Overall Lawn lost the fight, as it was a blap dread being used to wreck the Macherial fleet that was messing around, but Kasken did indeed achieve a personal victory of snatching a kill with a Cerberus in fleet. Op success!
The following night, following the immense satisfaction of a previous conquest, a small group of swarming Vexors strolled into Vale of the Silent. They, hoping to follow in the Great Kasken’s Footsteps (worthy of capitalization) managed to tackle a Lawn carrier. Kasken charged forth with the roaming fleet that was out and went to brawl in the noblest of causes. Nay, not defense of a carrier, but additional killmails and efficiency on zkill. Baiting with a nano Typhoon, designed to shoot from afar, Kasken jumped into their fleet at zero on a gate and was immediately primaried. I started melting quickly, since the buffer fit was designed for kiting. A hero Scythe began to rep the Typhoon who bravely MJDed away from the fight to save his own skin.
He did eventually get back into it, and the hostile fleet was obliterated at a zero cost with the exception of some ammo sacrificed to the Aztec gods of Eve virginity.
After the glory achieved, Kasken was indeed spent. He spent some time recuperating, recovering, and preparing for the next incredible epic of Eve. Something more worthy than even Beowulf, a ballad of legends. Then the call came. An inter-LAWN FFA to win the most expensive of Eve prizes… an Ashimu. T1 cruisers were called and the brawl was decided upon. Approximately 15 pilots were thrown into the ring, with the survivor earning the Ashimu. People began brawling, kiting, and trying to kill each other in what amounted to a full blown Civil War. Kasken decided upon the absolute best and bravest course of action, running away with the Stabber.
As people died horribly, screaming, crying, and begging for forgiveness, Kasken bravely flitted around the outskirts of the fray, killmail whoring and taking potshots at people close to death to increase his own ego. Finally, with only a handful of ships left on the field, Kasken dove in to achieve the fame and glory that were rightfully his after holding on the edge of the field for a long time. First a Caracal went down, then an Exequorer. Sadly, Kasken might have slightly overestimated his own ability and underestimated ranges, allowing himself to be warp scrambled and webbed. This allowed the evil cowardly PlexedLive to take a final parting shot, betraying his blood brother for something as simple as an Ashimu.

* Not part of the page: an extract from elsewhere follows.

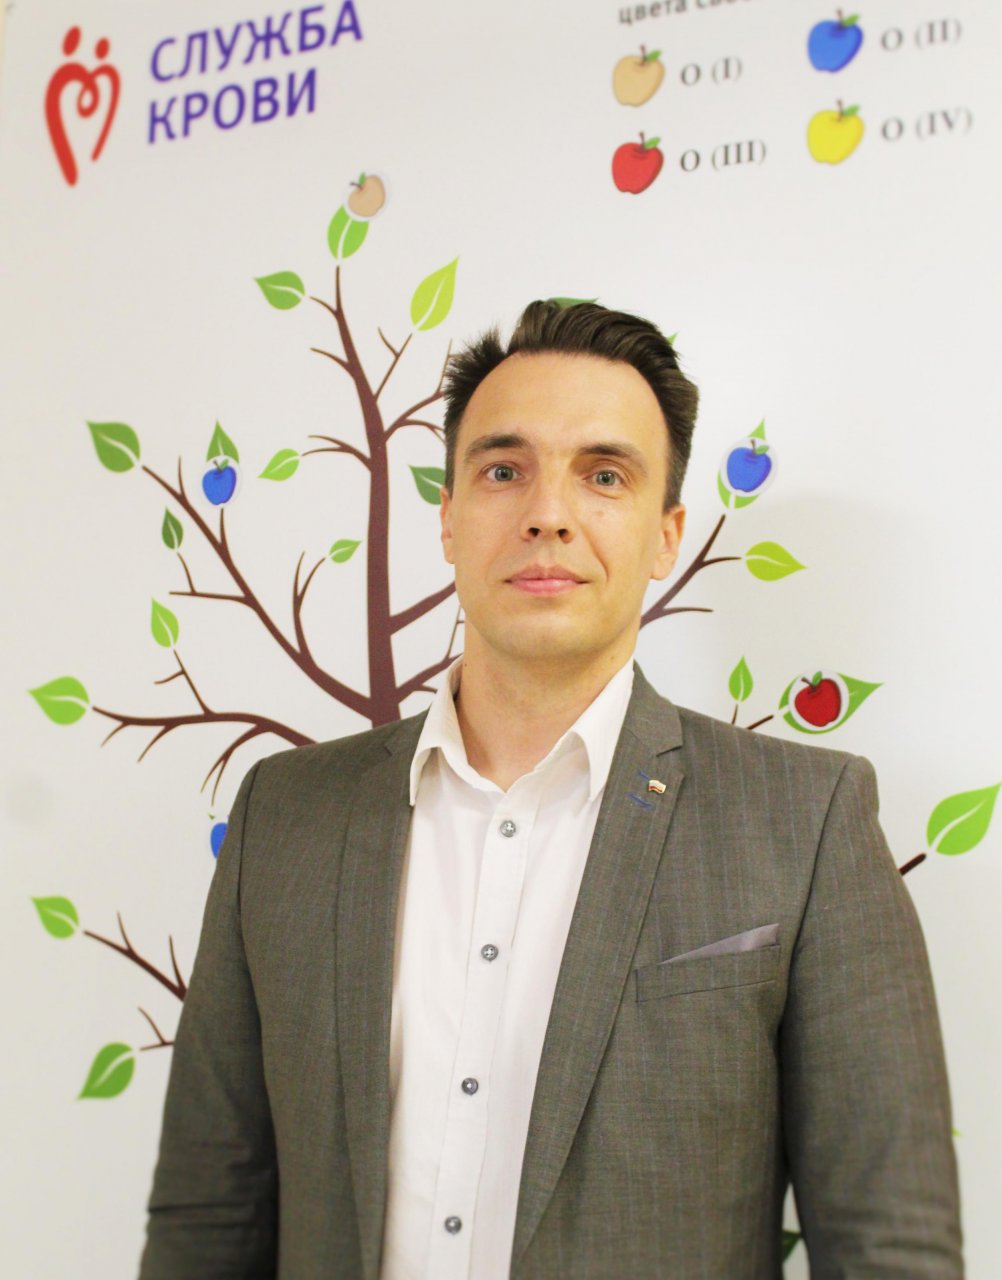 Максим Сушков: «Обновление крови позволяет организму повысить иммунитет»

Yesterday, Kasken again went to work, because this whole not being super rich thing gets old. He returned home after picking up the strange creature known as his child, and fed her a diet of kielbasa, ketchup and cucumbers. This was so she could gain her strength while learning to farm isk for the head of household. Once more, the Jabber pings went off indicating hostile caps were tackled. Kasken performed his usual WHORE TIME routine and once again got bridged in with his Cerberus. Once again the mighty, and incredibly talented Kasken was able to arrive on the field, anchor, and hit F1 far better than a well trained monkey.
The Lawn + Bastion losses were enhanced by a Sin who was told not to jump in, did, and proceeded to die to bombers. This same Sin pilot then got trolled out of Mumble. With yet another evening spent, our Lord and Lobster King Kasken, expected an evening of recuperation and relaxation. Things do not always go as planned and instead a nano roam went out, with Kasken leading his glorious men to certain doom. Doom, Doom, Doooooooom.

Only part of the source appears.